Wednesday 20 July 2016

Graduation ruined by family

So I finally graduated today and as the title states my graduation day was basically ruined by some of my family members. Its 1 am now and I have just finished crying. I should probably back-track.

I really enjoyed my time at uni and I enjoyed meeting different people from different walks of life. In my final year I remember finding strength from the fact the I had to do this so that my family could see me graduate on the day.

So when the results came out I found out that I was graduating I didn't want to cause them any issues so I ordered my own gown, pictures, bought tickets, booked the hotel room and everything. Literally, all they had to do was to turn up.

I had my mum, dad and little brother there. So on the day we weren't together because I had to go with other graduates and I was lucky enough to sit with my friend so it was fun and we got to look back to the times that we were struggling and how we are finally here. Graduating. I remember walking and getting my certificate. I was so happy in that moment. It was my time, I was proud of myself. Nothing else mattered at that time.

When the ceremony ended I went to meet my family and my mum hugged me however, my brother was already in a horrible mood and was ready to go home. Not even 20 seconds there, the atmosphere had changed. They were arguing. But we had to get the professional photographs taken. The ceremony finished at 12:10 and I had paid extra so that we can get a slot for 13 but they didn't want to wait. They were refreshments drinks and little treats. I couldn't even eat that without being shouted at and being told to hurry up and get the photos done. When we got to the photos and the guy was taking our family photo my brother wasn't even smiling he had sulking face as if he didn't want to be there and the guy even pointed it out and told him to smile and he wouldn't.

Then when I was getting pictures with my friends my father and brother left to go sit in the car. At the end when I wanted to voice how my feelings at how disappointed I was that they didn't let me enjoy this one day. I was told that I was acting like a "silly little girl." and basically that I should be grateful that they even showed up. What I realized is that this isn't just a celebration of my three years at university but all my work from high school, college that led up to this moment.

The thing is my brother didn't even leave high school with any GCSE's and has done nothing all year so maybe watching me achieve something was intimidating. And then when I think of it, what were we rushing for, one just played games and the other on the computer.

It made me realise something though.
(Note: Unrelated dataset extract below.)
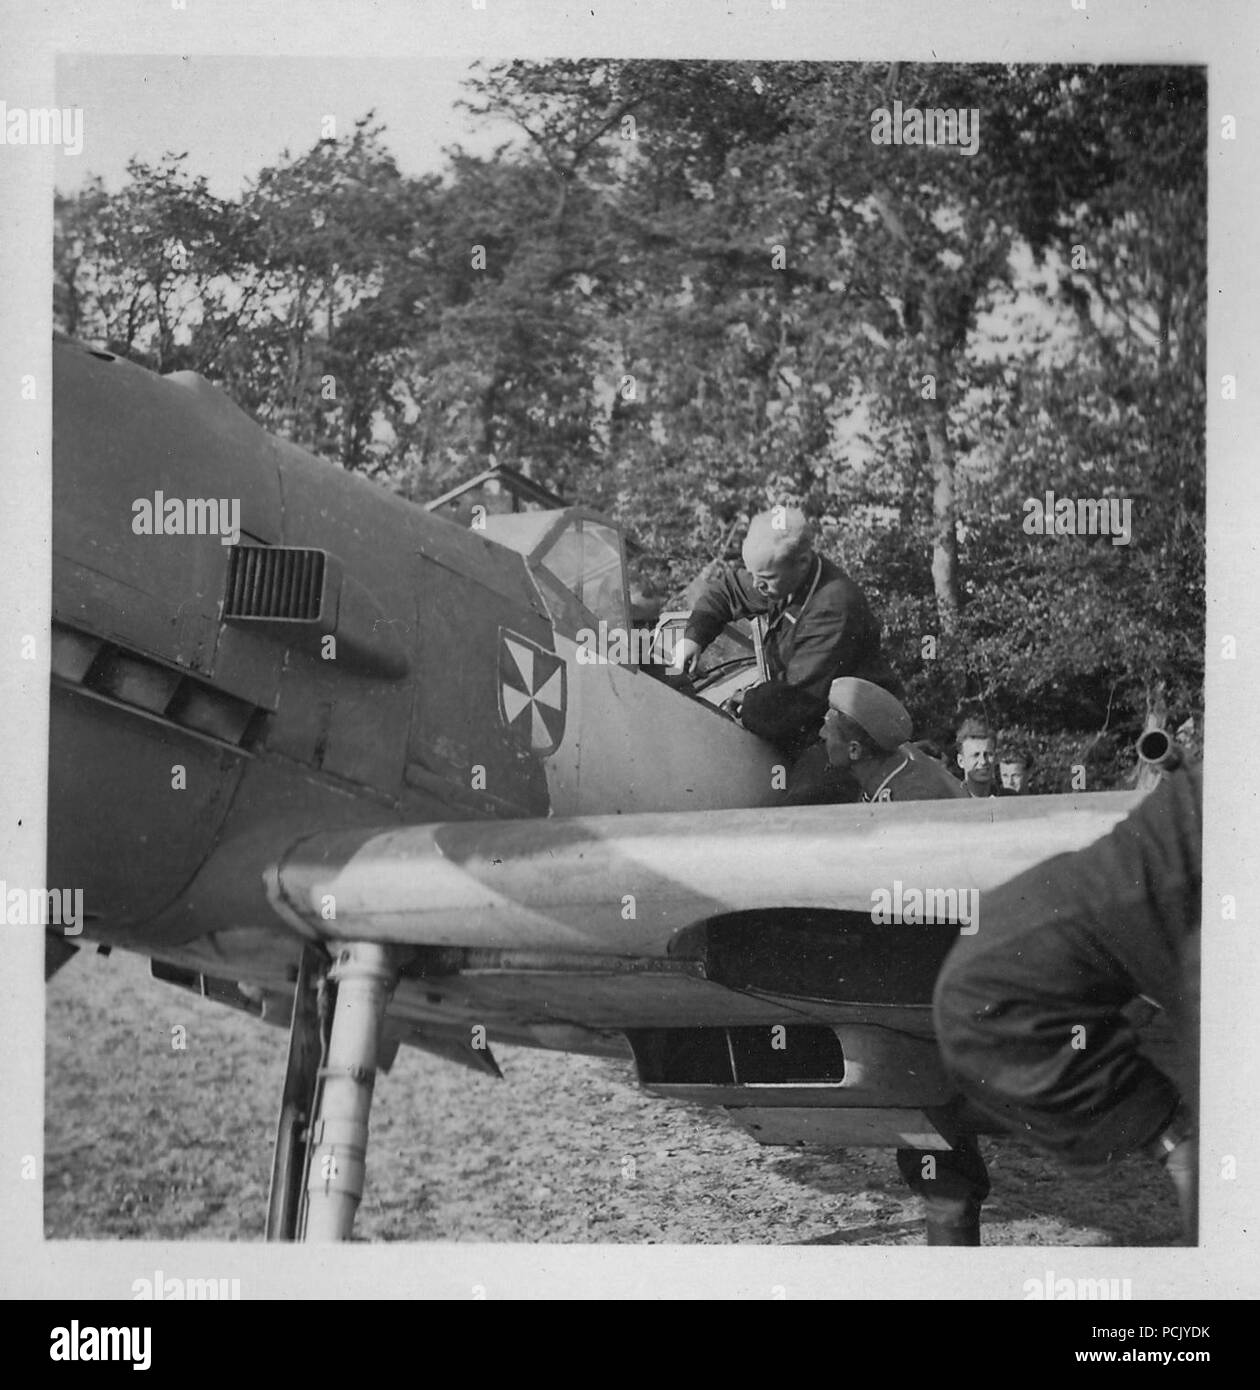 Immagine da un album di foto relative a II. Gruppe, Jagdgeschwader 3: Massa equipaggio aiutano a cinturino in Hauptmann Erich Woitke, Staffelkapitän di 6./JG3 e deliberando Gruppenkommandeur di II./JG3 dal 1 ottobre 1940 fino al 23 novembre 1940, come egli si prepara a prendere il via nel suo Messerschmitt Bf 109 e dal Wierre au Bois nell'estate del 1940. Foto Stock
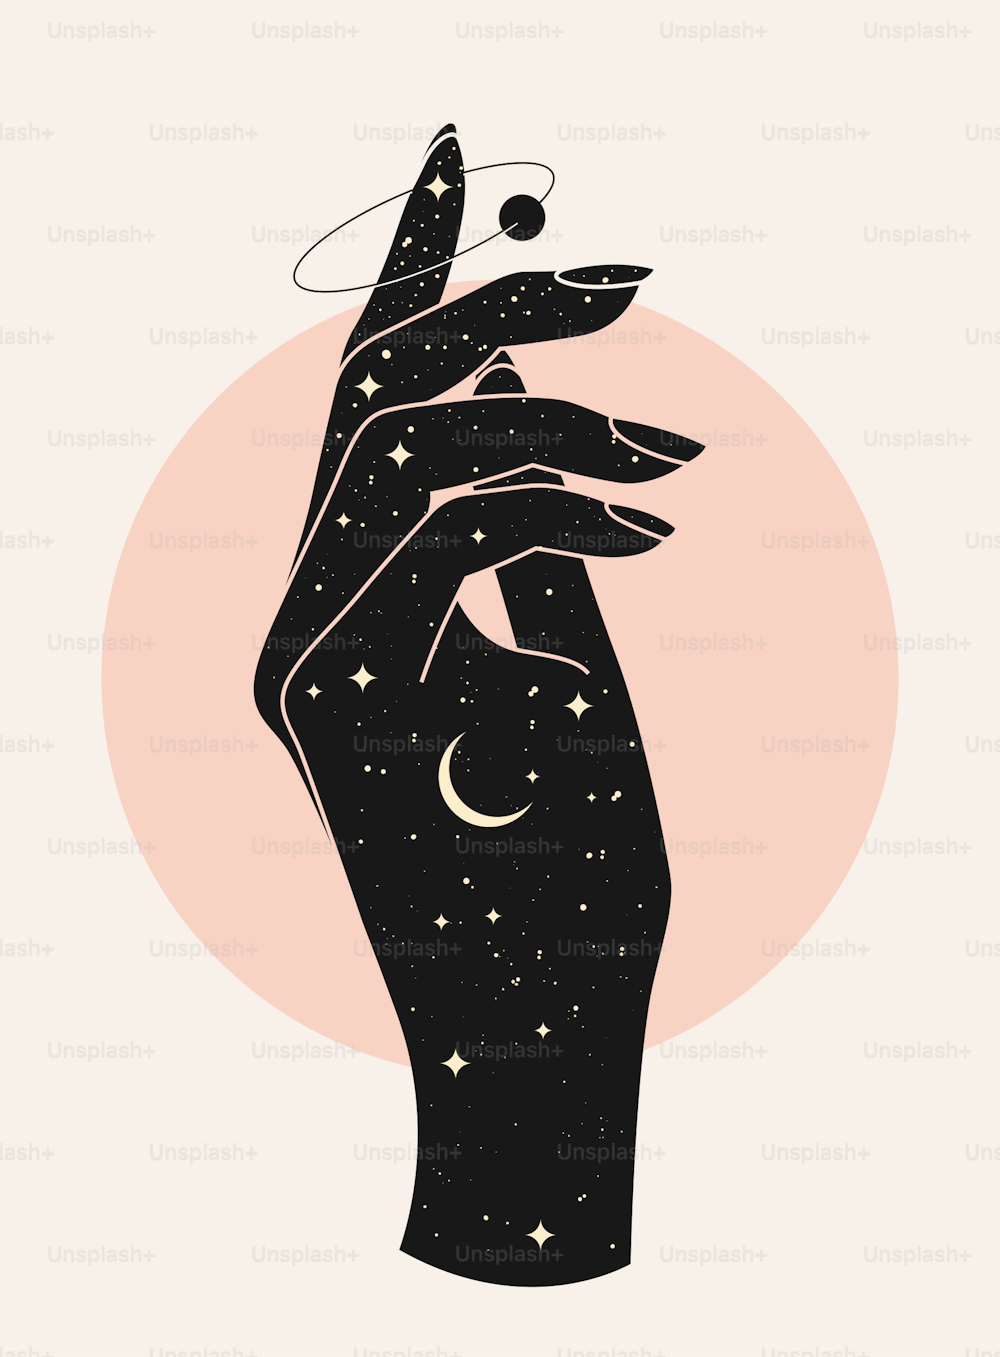 Belle silhouette de main de femme mystique avec texture de ciel étoilé nocturne sur fond clair. Illustration du vecteur eps 10

When I was with friends I always went back home for my birthday (were we did nothing, not even going out or eating on the dining table.) and I never fully understood the value of celebrating a birthday or a moment for someone else. Even if you don't want to be there. It isn't about you but because you care or love that person you should do it for them.

Another thing I have noticed from this experience is that my opinion is never taken into account and my feelings as well. In this family, if anything happens it is just brushed under the rug as if nothing has happened. I don't think that is healthy.

I have decided that I need to leave this toxic environment. The three years I was away were so freeing, I was around people who actually respected my opinion and were we could go out and actually have a good time.

I came into this world alone and I will leave it alone. I need to start putting myself first even with my family because when I think about it. That is what they always do with themselves. I guess it took me a little while to realise that is how it is supposed to be.

On a positive note, I appreciate my mother a lot more and regardless of everything. I still graduated and I did it. Throughout all the obstacles that were in front of me. I pushed through all of them.